Neodermata is a clade of rhabditophoran flatworms containing the parasitic groups Trematoda, Monogenea and Cestoda.

== Description ==
All neodermatans are parasites, in many groups having a free-swimming larval stage. The most striking feature uniting all neodermatans is that the ciliated epidermis (typical of most flatworms) is cast off in adult worms, being replaced by a syncytium called tegument or neodermis. Other characters found in all neodermatans are related to the anatomy of the protonephridium and the rootlets of epidermal locomotory cilia.

== Relationships with other Platyhelminthes ==
Currently, the monophyly of Neodermata is undisputed, being supported by both morphological and molecular data. It is clear that they evolved from free-living flatworms (turbellarians), but their sister-group was for a long time a matter of debate. The first attempts to reconstruct the phylogeny of flatworms, based on morphological evidence, considered Rhabdocoela to be the sister-group of Neodermata, but this was based on weak morphological similarities and was not supported by molecular studies.

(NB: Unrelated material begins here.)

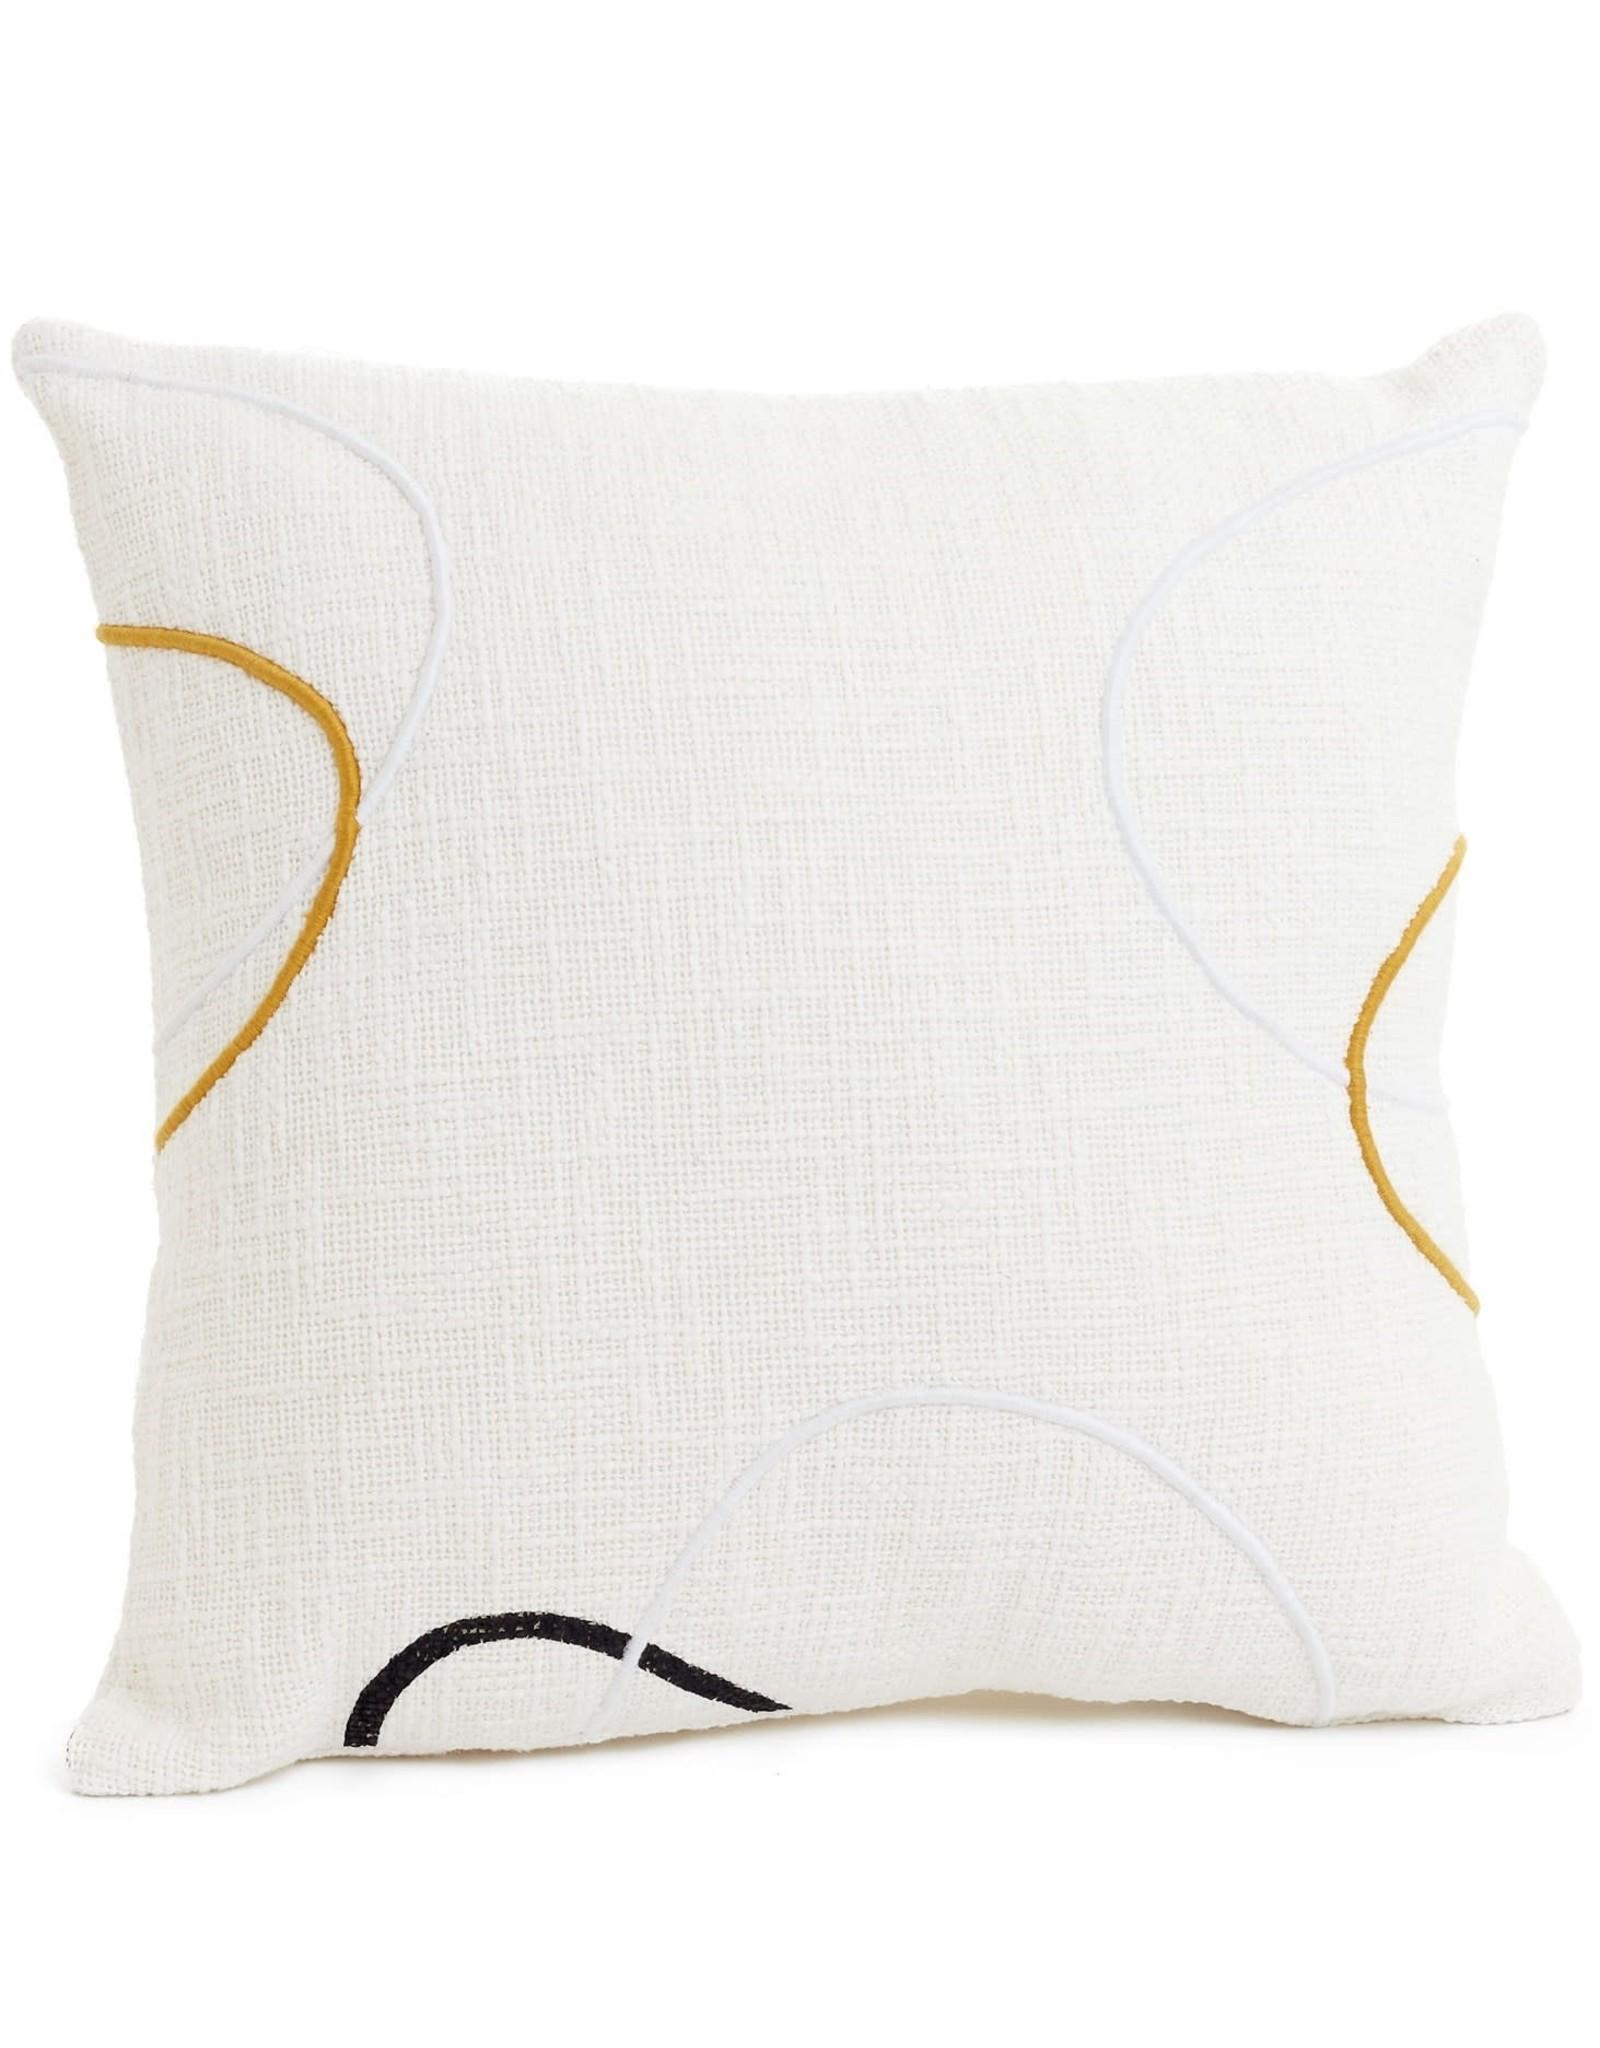 Embroidered Cushion - Ecru/Saffron/Black

The most recent evidences put the order Bothrioplanida as the sister-group of Neodermata, uniting them in a clade called Bothrioneodermata.

== Internal relationships ==
Many phylogenetic hypotheses have been proposed for the relationships of the major groups which constitute the Neodermata. Caña-Bozada et al. (2025) explored how different molecular markers and datasets influence phylogenetic reconstruction within the Neodermata. They generated 96 unilocus and 9 multilocus phylogenetic trees based on mitochondrial genes (nucleotides and amino acids), as well as nuclear 18S and 28S rRNA genes, using multiple inference programs. Their analyses showed that individual genes often lead to conflicting topologies, and that only certain gene combinations (especially multilocus mitochondrial or mitochondrial + rRNA) yielded more consistent support for the monophyly of the major Neodermata lineages. The monophyly of the Cestoda, Trematoda, Monopisthocotylea and Polyopisthocotylea were found in most analyses, but the monophyly of the Monogenea was not.